In more serious cases, a Compulsory Liquidation may occur when a creditor attempts to force your company out of business to recover debts owed to them. If your creditors are successful in their petition, your company will be forced into liquidation, and all its assets will be sold to generate funds to repay outstanding debts. Clarke Bell can help if you’ve been issued a winding-up petition.
Common mistakes to avoid
While closing a dormant company is generally straightforward, common mistakes can lead to delays, objections, or even legal complications. Many Directors assume that because the company is inactive, the closure process will be simple and risk-free — but this is not always the case. Failing to follow the correct procedure or overlooking key obligations can result in unnecessary stress and, in some cases, financial consequences for the Company Directors. Closing a dormant company is relatively straightforward, but there are several common pitfalls.

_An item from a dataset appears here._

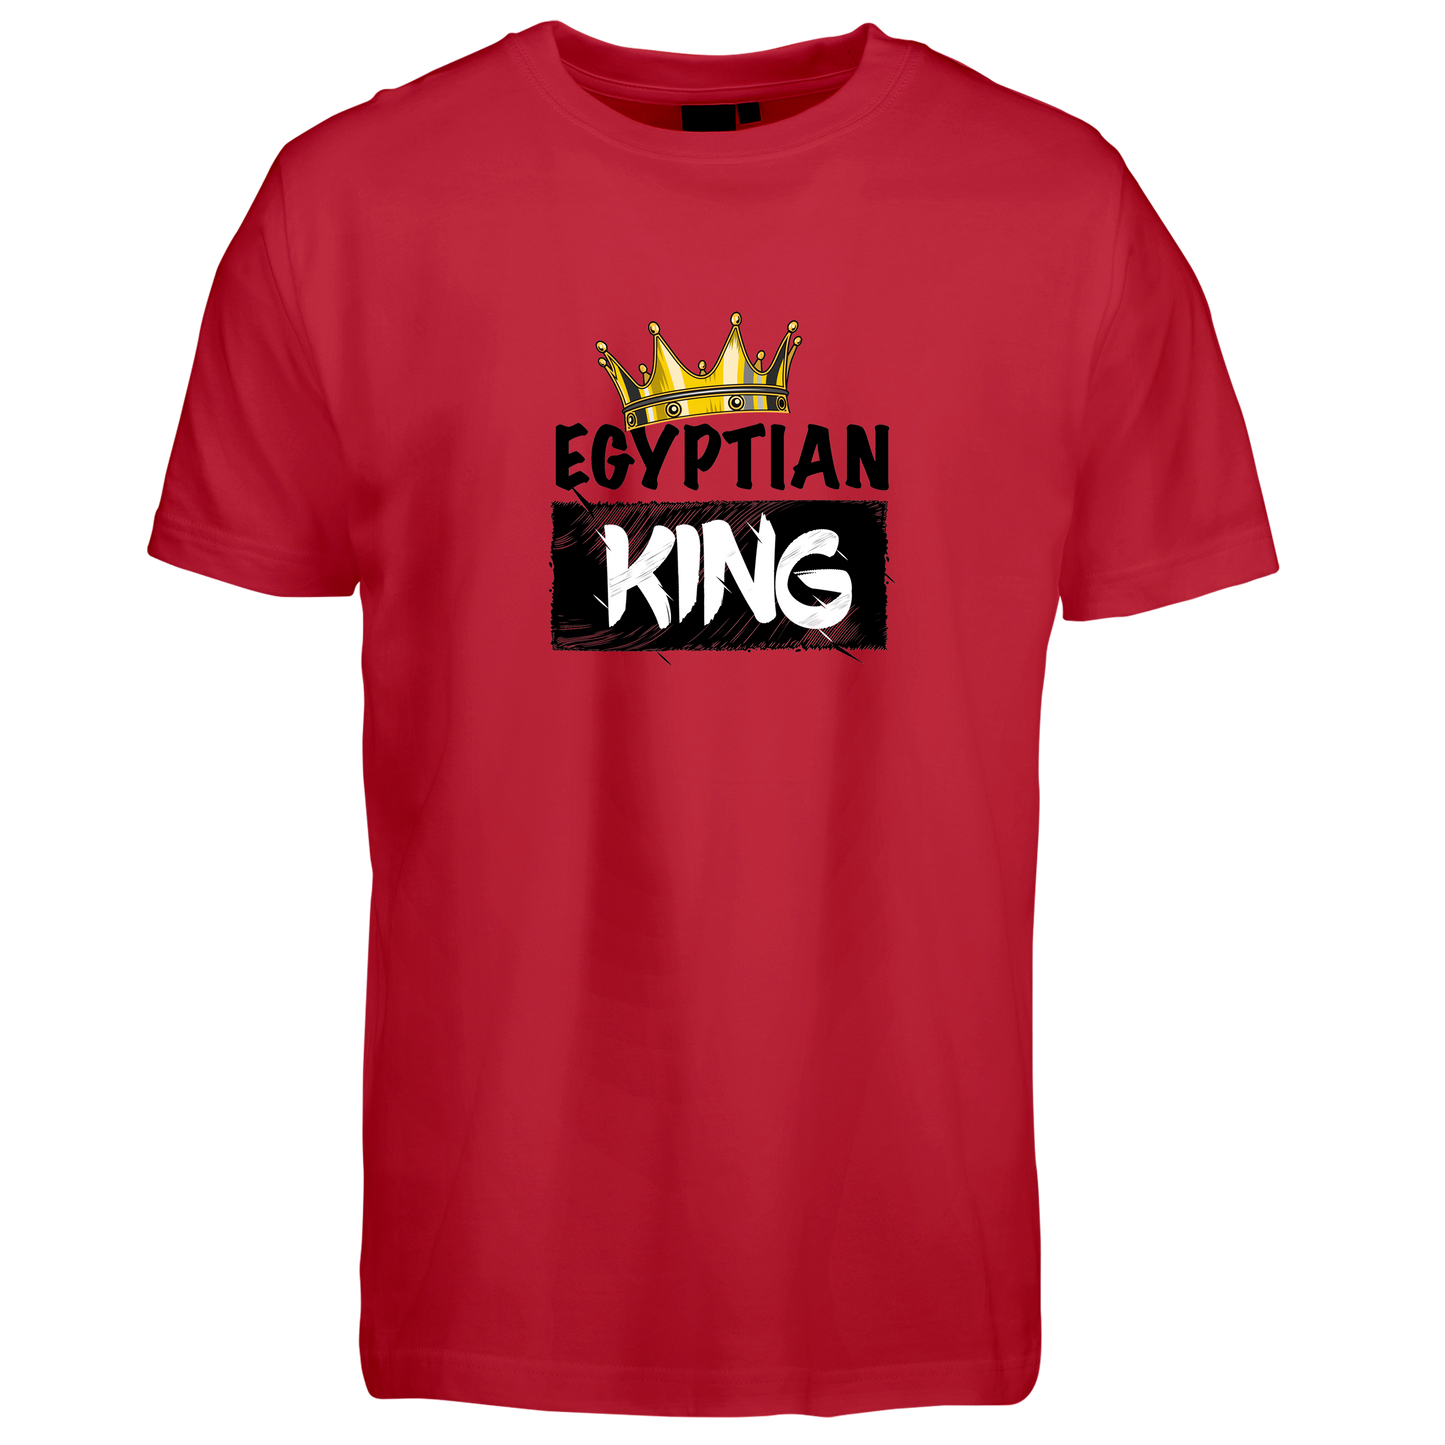 Egyptian king - t-shirt

1. Applying with outstanding debts
- Creditors can block your application and potentially take legal action.
2. Forgetting HMRC
- Failing to inform HMRC can lead to penalties or delays.
3. Leaving assets in the company
- Any remaining assets will be lost to the Crown after dissolution.
4. Missing filing deadlines
- Even dormant companies must stay compliant until closure is complete.
5. Using the wrong closure method
- If your company has assets or debts, a strike-off may not be appropriate.
Clarke Bell can help
If you are considering closing your dormant company, let Clarke Bell help. We have three decades of experience in helping Directors find the best methods for closing their companies, and we can do the same for you. Contact us today for your free and confidential advice, and find out exactly what we can do for you.
Contact us today to arrange a free consultation with one of our experienced advisers.
Frequently asked questions
Can I close a dormant company myself?
Yes, if the company has no debts and meets the criteria for strike-off. Speak to your accountant if you have any queries about it.
Do I need to pay tax when closing a dormant company?
Usually not, but you must ensure all tax obligations are settled before closure. Your accountant will be able to advise you about this.
How do you notify HMRC that a company has stopped trading?
You notify HMRC that a company has stopped trading by submitting a final Corporation Tax return (CT600) and marking it as the final return. This should include final accounts covering the last trading period and confirm the date the company ceased trading.
What happens if I don’t close a dormant company?
You must continue filing accounts and statements, or risk penalties and eventual compulsory strike-off.
Can a dissolved company be restored?
Yes, but the process can be complex and costly.